Indeed, Mimica, the European aid chief, stressed to me that the global development community is very much here to stay, committed to helping West Africa first contain the epidemic and then get back on its feet in such a way that in the future it will have the right systems in place to prevent a similar outbreak before it spirals out of control.
And what of national efforts?
“The government has nothing; we’re relying on the international community for assistance,” one local told me.
To its credit, the Guinean government has announced that 20,000 volunteers will be mobilized to help cope with the outbreak — including thousands of young people. However, beyond relief efforts, it remains to be seen how the government will redress the balance and prioritize the long-term prevention of costly epidemics through ultimately more cost-effective investments in strong and accessible health systems.
For now, at least, the international aid community remains out in full force. All around Conakry, anti-Ebola efforts are highly visible on signs and billboards with practical tips for the population, and practically on every street one can see warehouses and vehicles emblazoned with the logos of groups such as WHO, the U.S. Centers for Disease Control and Prevention, UNICEF, the European Commission, the Red Cross, MSF and ALIMA, the regional platform for medical NGOs.
A reassuring sight for the estimated 2 million locals in Conakry, perhaps, but when will we really know if the war on Ebola will be won?

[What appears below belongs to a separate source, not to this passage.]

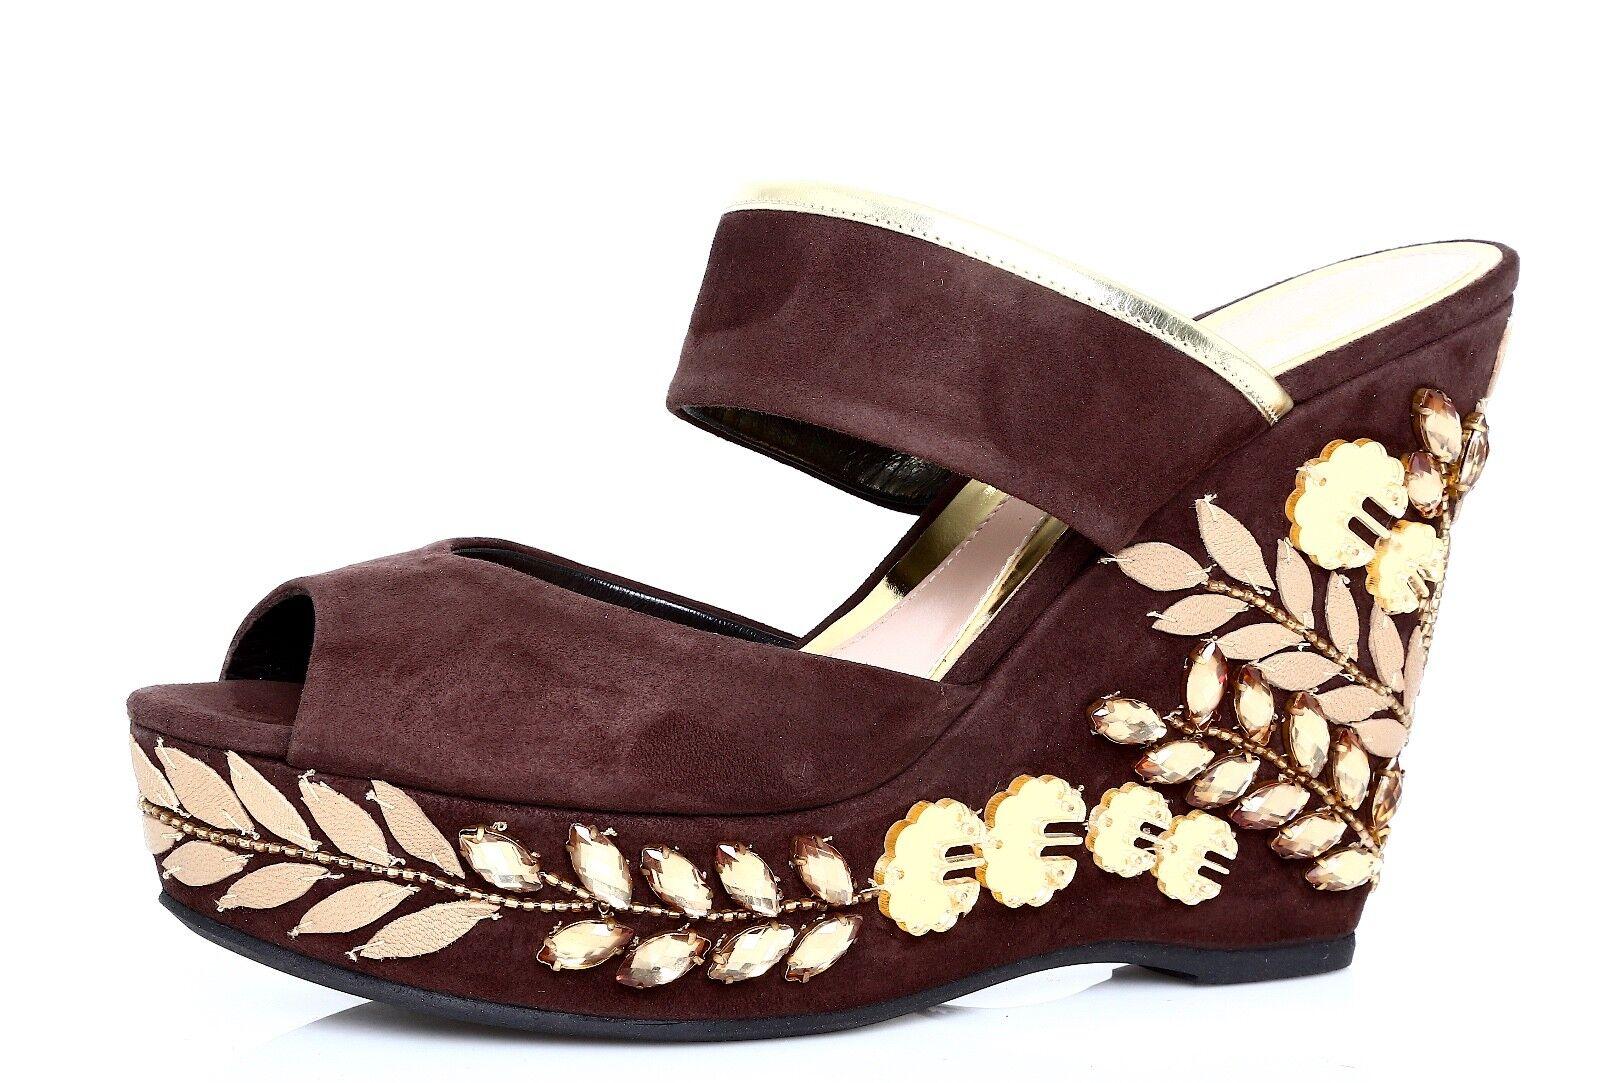 Sebastian Milano Milano Milano comascio Slip On Sandalia De Cuña Gamuza Marrón Mujeres Talla 38 4189  mejor moda

“I’m not an epidemiologist,” Trompette said tersely. “We can only deal with the situation in front of us.”
I salute his pragmatism, wish him luck with the work yet to come and wholeheartedly applaud Time’s choice to make global health workers their person — or team — of the year. Here at Devex, our thoughts are with those serving on Ebola’s frontlines — the first responders, doctors, nurses, epidemiologists, virologists, logisticians, tracing and treatment teams, liaison officers and local volunteers — who are among the very modern heroes in our midst.